The sun had long since sunk behind the branches of the forest, and twilight settled quietly over the landscape. All of the nighttime animals began to awake to their sunless mornings, and the stars shone brightly in the dark sky. Somewhere in a clearing near the tall trees, a small trail of smoke began to curl into the cold night air, twisting and turning until it dispersed.

Sitting around the crackling fire, on makeshift chairs, or, simply put, logs and rocks, were a few men clad in flannel and camouflage print, as well as fluorescent orange. All of them had a beer in their hand, and their conversations grew more and more…odd.

"I swear it on my wife's grave!" one man cried, pointing at the other across the fire with his now empty beer can.

"You're full of shit, Dave," the other replied, crossing his arms over his chest. "You're just full of shit."

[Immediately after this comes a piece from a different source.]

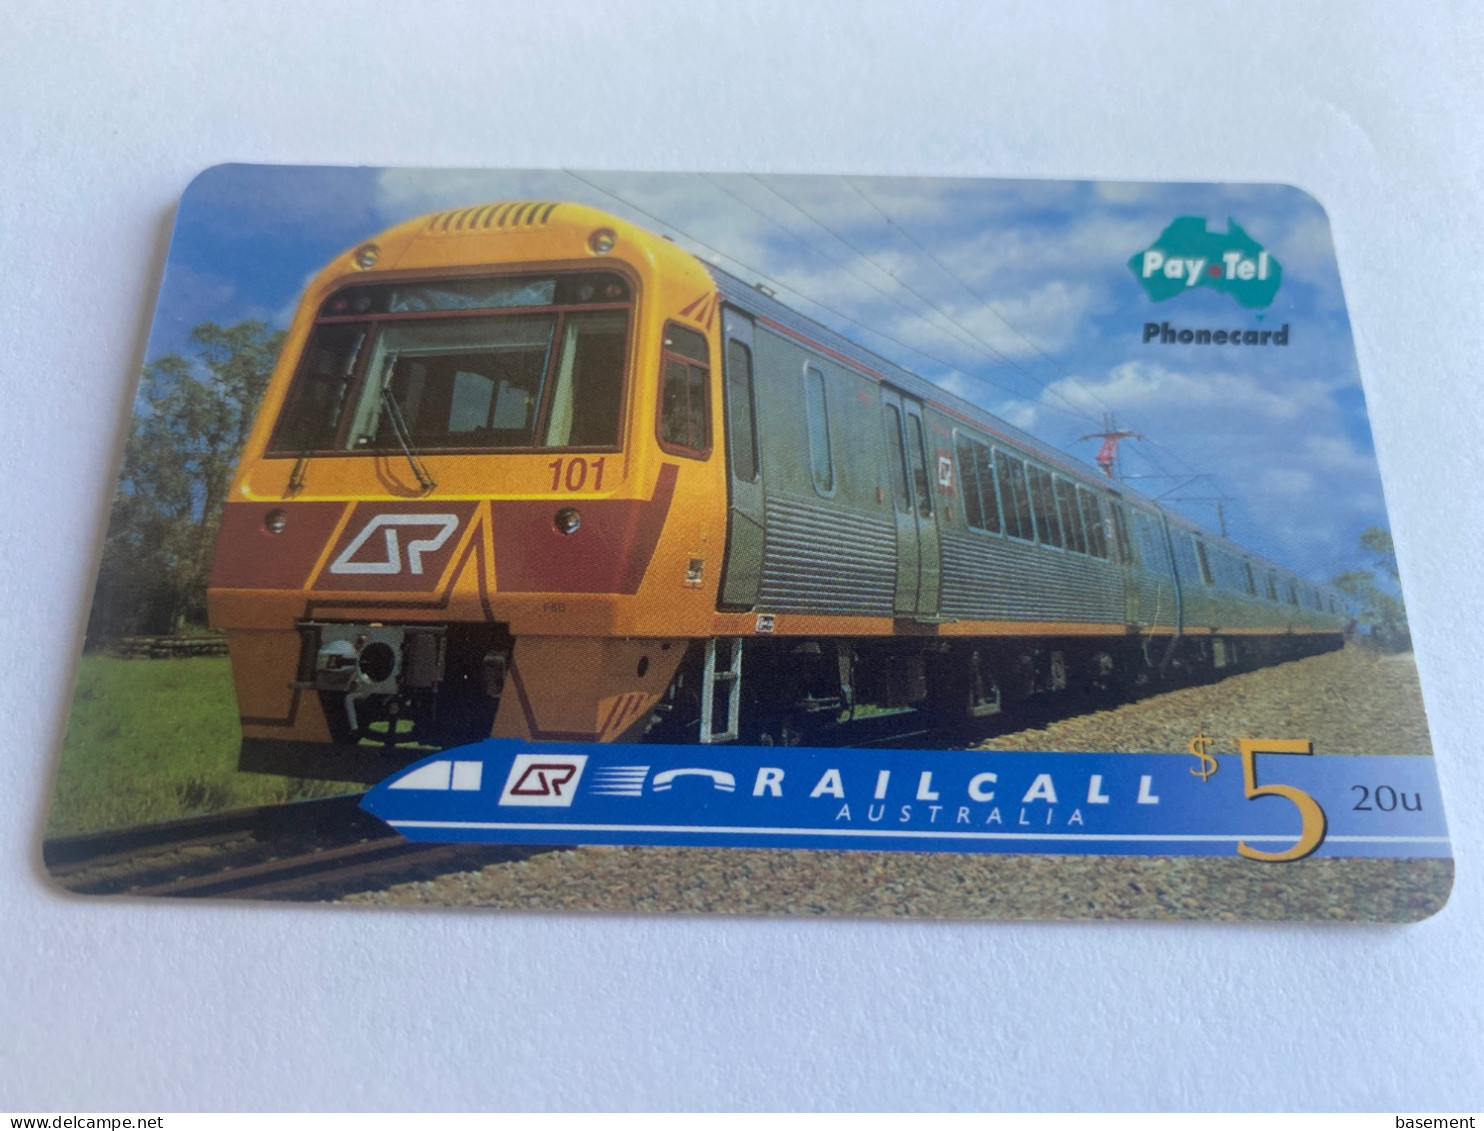 1:042 - Australia Pay Tel RailCall Train - Australia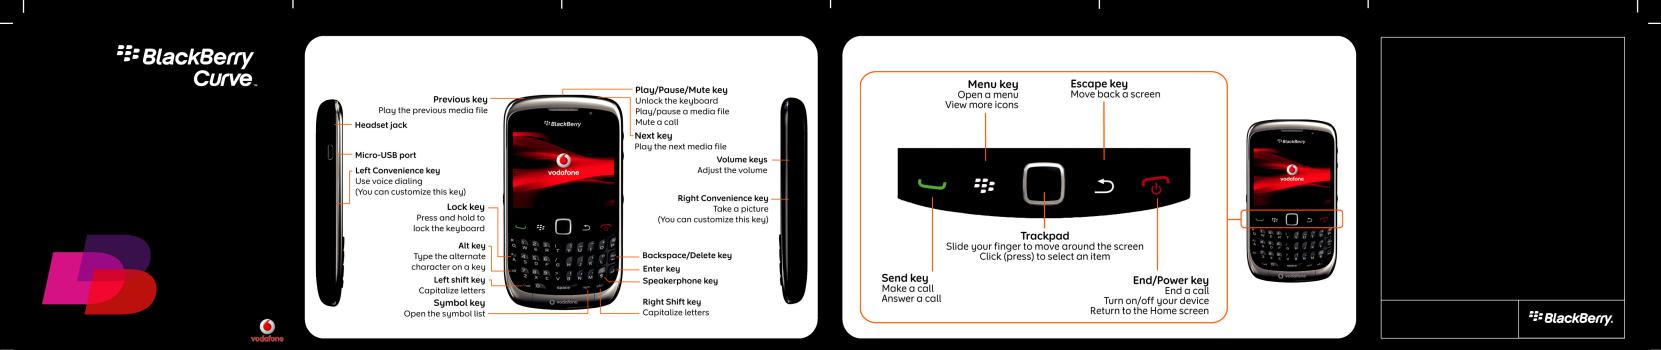 Blackberry 9300 START HERE User Manual

The other two sitting around the fire laughed, and turned their attention now to Dave. "C'mon, you morons don't believe me? Murray, I've heard it from several people, who heard it first hand! The forest comes to life during huntin' season, 'specially at this time of th' day, at that. Hand me another beer, mine seems to be empty."

Murray grabbed a beer from the cooler near him, and tossed it over the fire to Dave, who caught it, popped it open with a cold hiss, and took a long drought from it, as if it was the first thing he had to drink all week. "Anyways, you know my buddy Rick, right? Well, he told me that he heard from his buddy that the forest comes to life. Literally. Not jus' all those animals and bugs and all, but the trees."

The other men at the campfire laughed. "You're friend's friend is a little off his rocker. First of all, trees are already alive. Second, shut up and sit your fat ass back down. You're full of shit," the man on the right of him said, readjusting his hat.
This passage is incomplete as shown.